La cobertura de la violencia no es nada fácil para los medios de comunicación, no solo por los riesgos que asumen los periodistas, sino porque existe una línea muy delgada entre informar con equilibrio, caer en el sensacionalismo o hacer apología del delito.
El hallazgo de 49 cadáveres descuartizados en un camino de Monterrey, el bombazo terrorista contra un ex ministro en el centro de Bogotá y las víctimas mortales en motines de cárceles hondureñas y venezolanas, son algunos de los hechos que en estos días desafiaron las políticas editoriales de los medios. No solo debieron sopesar cómo publicar, sino cómo lo haría la competencia y cómo se propagarían los hechos por las redes sociales, preocupación adicional inexistente hace unos años.
Pero la decisión se torna más difícil, cuando los medios son blanco directo de esa violencia, por lo que deben adoptar decisiones editoriales a veces contrarias a sus propios objetivos informativos, como ocurrió con el diario mexicano El Mañana, de Nuevo Laredo.
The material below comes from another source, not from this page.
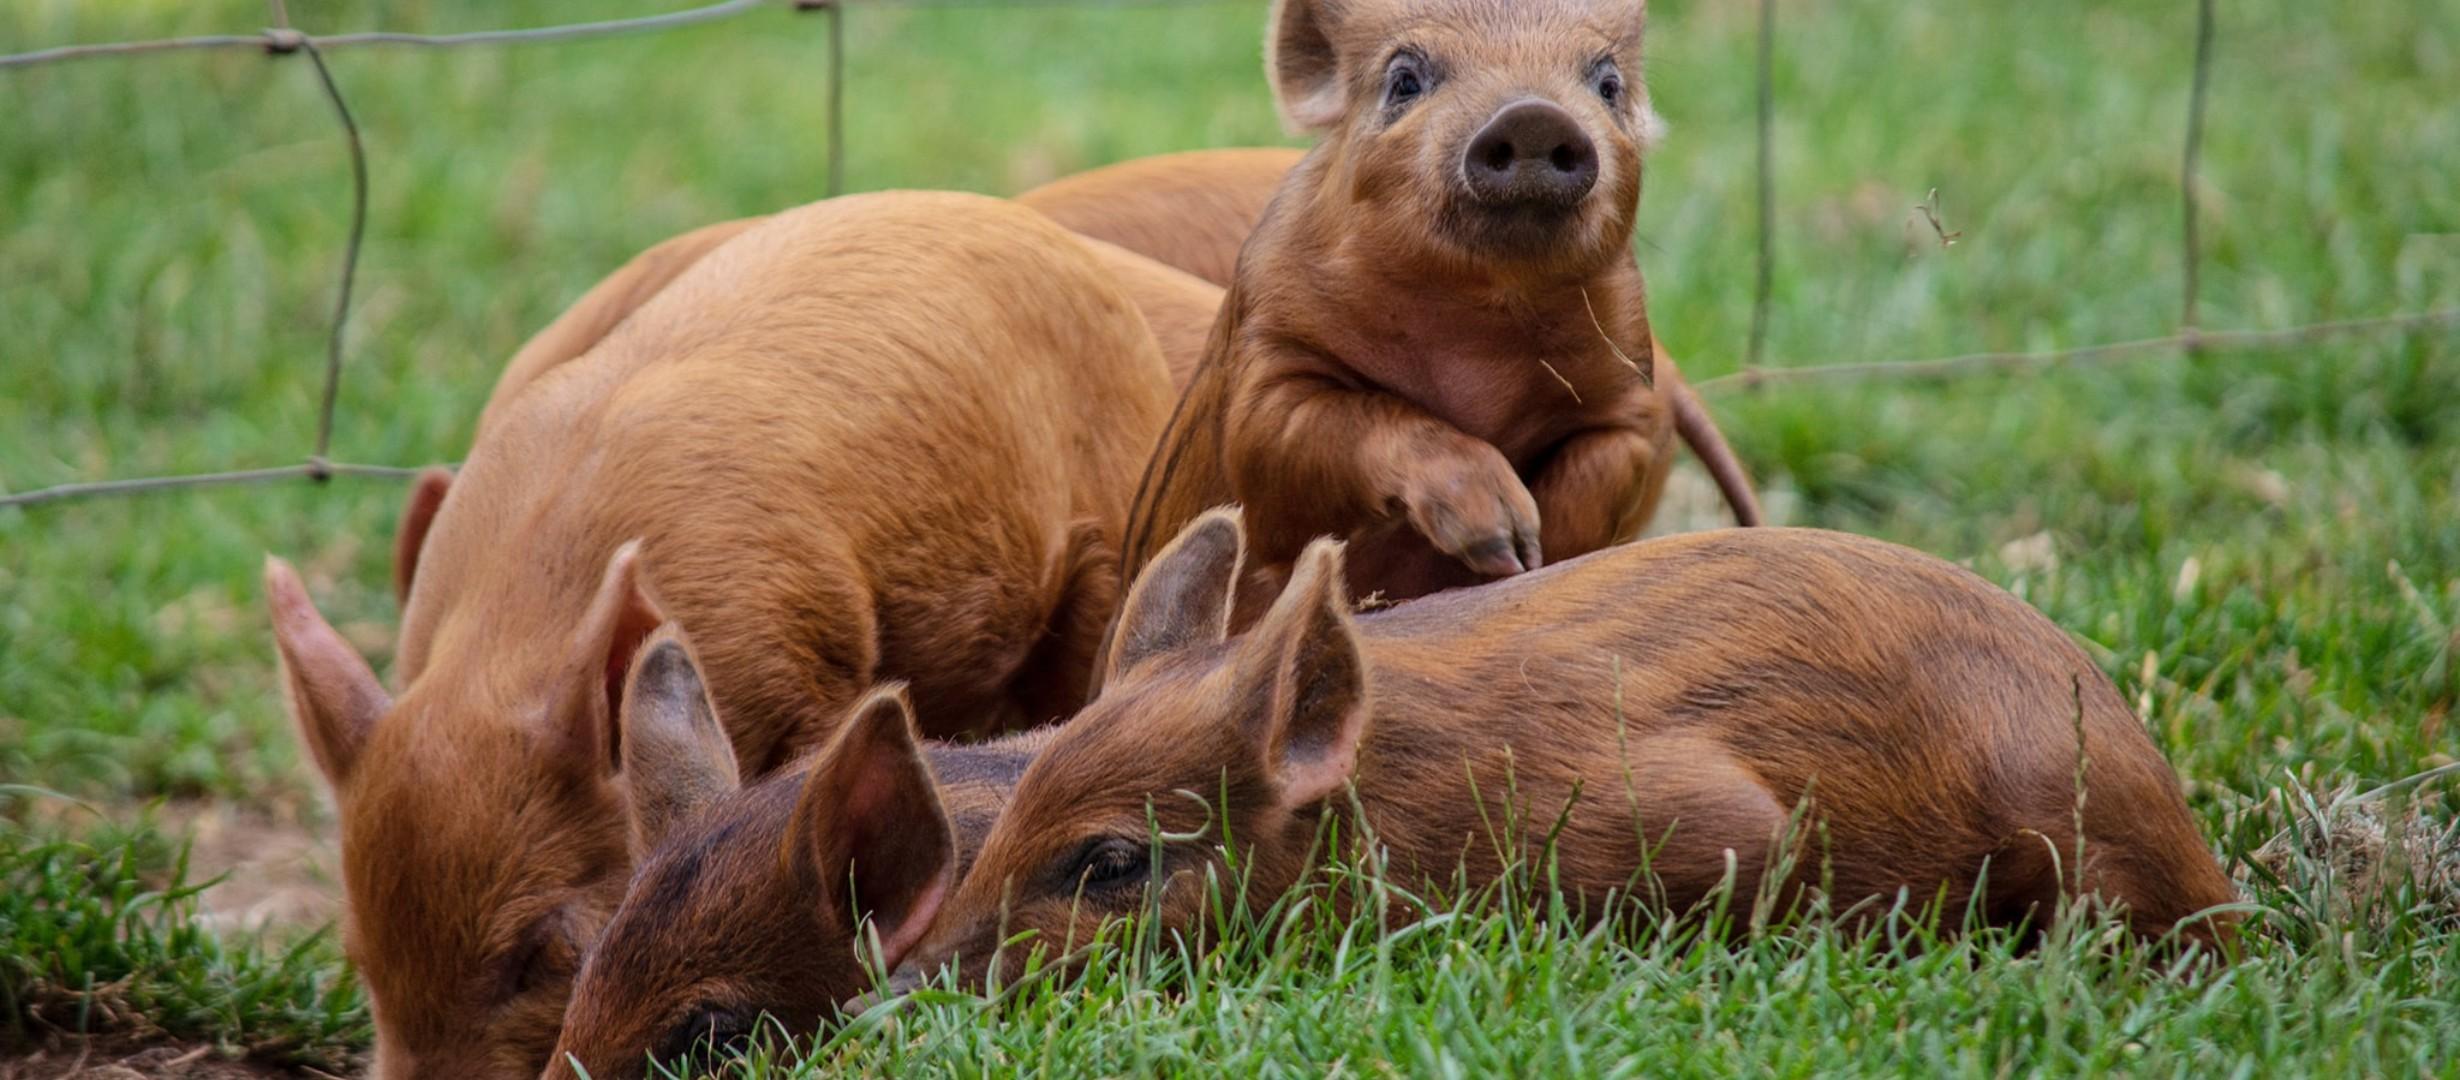 4 pigs in field

Dos días después de sufrir un atentado con metralleta y explosivos, El Mañana anunció en un editorial, que se abstendría de publicar información sobre las disputas violentas entre los carteles del narcotráfico. En un ambiente de impunidad, el diario razonó que la autocensura es la única forma para blindar a los periodistas; considerando, además, que ya ha sufrido otros atentados y que en 2004 fue asesinado su director editorial.
El Mañana también justificó su decisión para evitar la manipulación de los narcotraficantes, quienes en la divulgación de la violencia consiguen su objetivo de amedrentar a toda la sociedad y afirmar su dominio.
Decisión parecida adoptó esta semana el diario colombiano El Espectador, que tras el intento de asesinato del ex ministro y periodista Fernando Londoño Hoyos, se negó a publicar la noticia en su portada. En cambio, colocó un cintillo con fondo negro arriba de su logotipo en el que se leía “NO al terrorismo”.
Podrá argumentarse que esa decisión fue irrelevante en materia noticiosa si se considera que los detalles del atentado se desparramaron por otros medios y en las redes sociales, hasta con videos de teléfonos móviles capturados por los transeúntes. Sin embargo, la valía de la actitud editorial de El Espectador de no publicitar ese acto de terror, radica en su mensaje político frente a la violencia.
Similar al que adoptó en febrero, cuando decidió no publicar sobre atentados de las FARC en tres ciudades del interior o cuando en 1986 lideró un apagón informativo de un día que adoptaron todos los medios colombianos, en protesta por el asesinato de su director, Guillermo Cano, ordenado por Pablo Escobar.
Las decisiones editoriales no están exentas de provocar pérdida de credibilidad, ahuyentar a las audiencias o hasta provocar sanciones económicas y castigos legales. Por eso, muchos medios tratan de prevenir situaciones engorrosas con conductas de autorregulación, como lo hizo el diario salvadoreño La Prensa Gráfica, que en 2005 adoptó un manual de estilo para lidiar mejor con la publicación de hechos violentos.
Estas políticas por lo general no impiden publicar los hechos, sino asumirlos desde otra perspectiva. Recuerdo que tras el atentado terrorista contra el metro en Londres en 2005, un tabloide británico se diferenció del resto, con una plácida fotografía de un estacionamiento atestado de automóviles que no habían sido recogidos por las víctimas. Bajo el titular “El Día después”, su mensaje fue más potente que las demás portadas llenas de sangre, escombros e hierros retorcidos.
En Venezuela, en cambio, los medios no tienen mucho margen de maniobra. La autoridad aplicó la ley para censurar a El Nacional por publicar fotos de una morgue e impuso una multa millonaria a Globovisión, por mostrar imágenes de un motín carcelario. En Ecuador, una ley de Comunicación prevé cerrar aquellos medios que el gobierno considere que propagan la violencia, lo que, en un clima tan politizado, equivale a implantar la censura oficial.
Si bien el sensacionalismo puede disgustar a muchos, lo importante es permitir que los medios puedan asumir sus propias decisiones. En la pluralidad y diversidad de posturas editoriales, más que en la uniformidad que busca la censura, podrán encontrarse las mejores respuestas a la violencia.